In his Executive Order No. 2025-002, the governor stated that “to achieve effective and efficient government administration so as to better serve the interests of the Commonwealth and its people,” he orders the following:
1) The duties and responsibilities of the CCC to supervise casino gaming in the CNMI are transferred to the Commonwealth Lottery Commission.
2) To the greatest extent possible under applicable law, the authority for enforcement of the existing casino license agreement between CNMI and the exclusive licensee, including to negotiate cure amounts for any encumbrances on said license, is likewise transferred to the Lottery Commission.
3) Because the CCC is divested by this order of any statutory duties or responsibilities, the Commissioners no longer owe duties within the meaning of NMI Constitution, Article III, Section 21 and their terms are accordingly terminated for cause.

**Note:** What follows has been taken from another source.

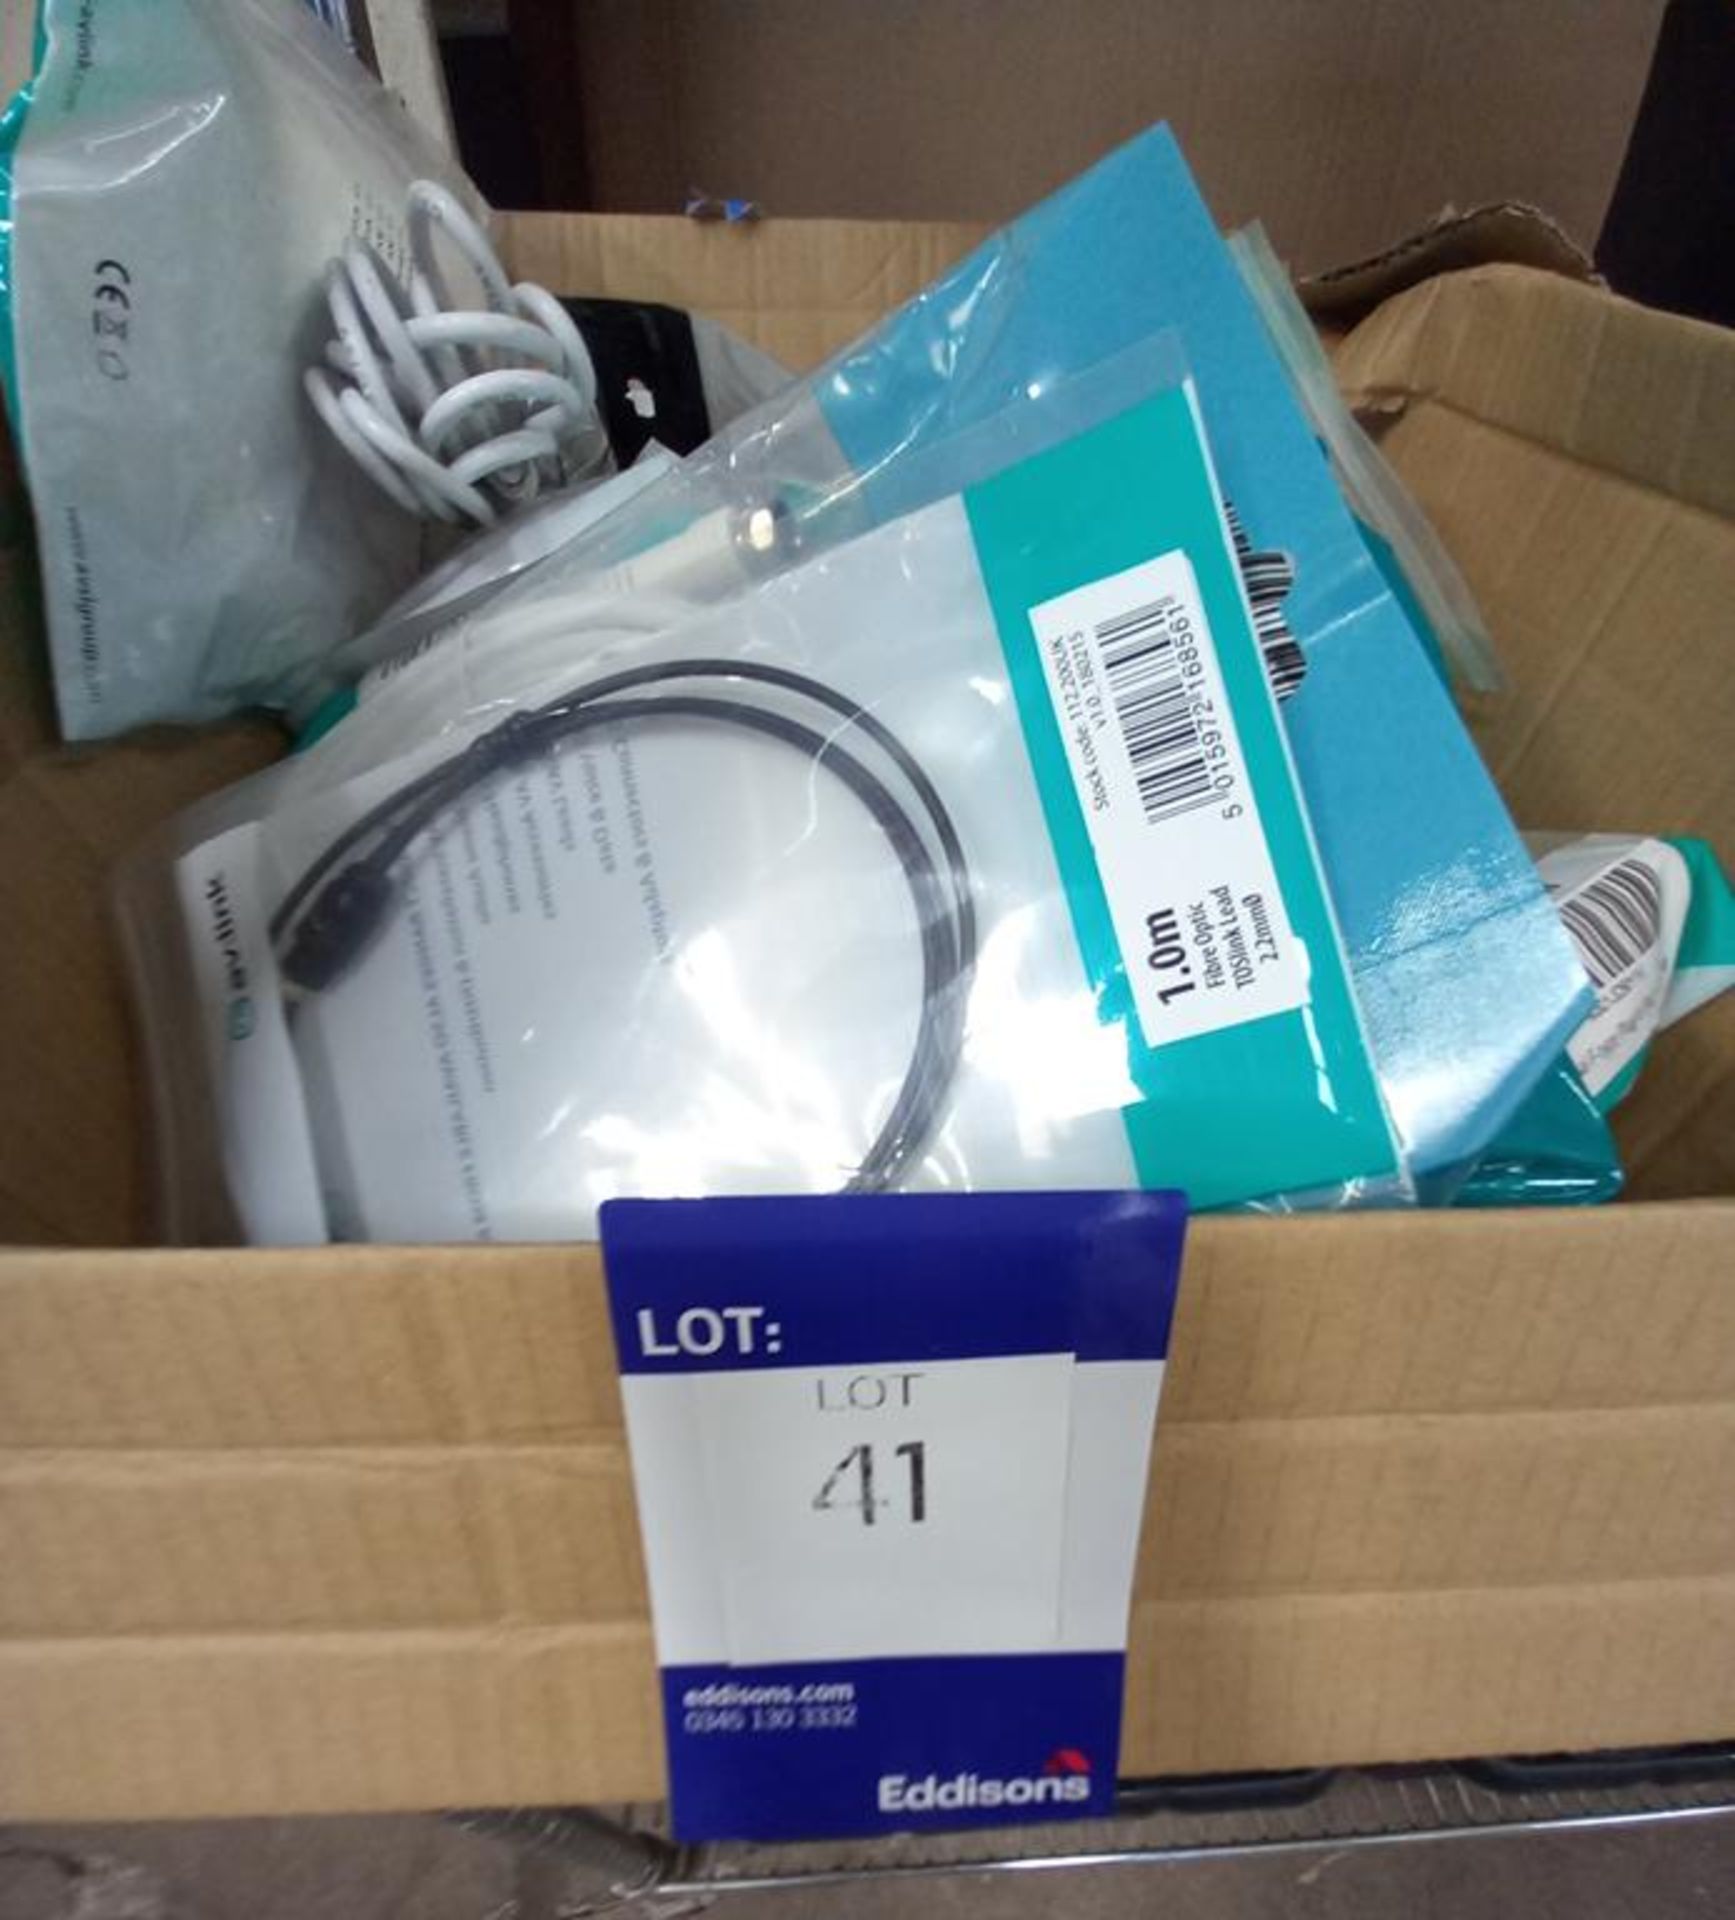 2x Quantity of various AV cables to box and Quantity of various AV Connectors to 2 boxes - Image 12 of 18

The Lottery Commission is composed of the secretaries of the Department of Finance and the Department of Commerce and the commissioner of the Department of Public Safety.
The governor’s EO further states that “trying economic times necessitates consolidation of duplicative government instrumentalities to ensure that the Commonwealth’s limited fiscal resources are allocated to provision of essential public services.”
He said the casino licensee, referring to Imperial Pacific International, ceased operations in 2020 and has never reopened, rendering CCC’s regulatory function inactive for more than five years and into the foreseeable future, “even as it continues to accumulate operational expenses.”
Asked for comment, Casino Commissioner Mario Taitano said he will reach out to his fellow commissioners — Edward C. Deleon Guerrero, Ralph S. Demapan and Thomas A. Manglona — so they can convene and provide a unified opinion on the governor’s executive order.
Except for Manglona, the rest of the commissioners are appointees of former Gov. Ralph DLG Torres.
According to Palacios, his executive order “shall be submitted to the legislature and shall become effective sixty days after submission, unless specifically modified or disapproved by a majority of the members of each house of the legislature.”
An attorney, who declined to be identified, told Variety that lawmakers have 60 days to either disapprove, approve or modify the E.O.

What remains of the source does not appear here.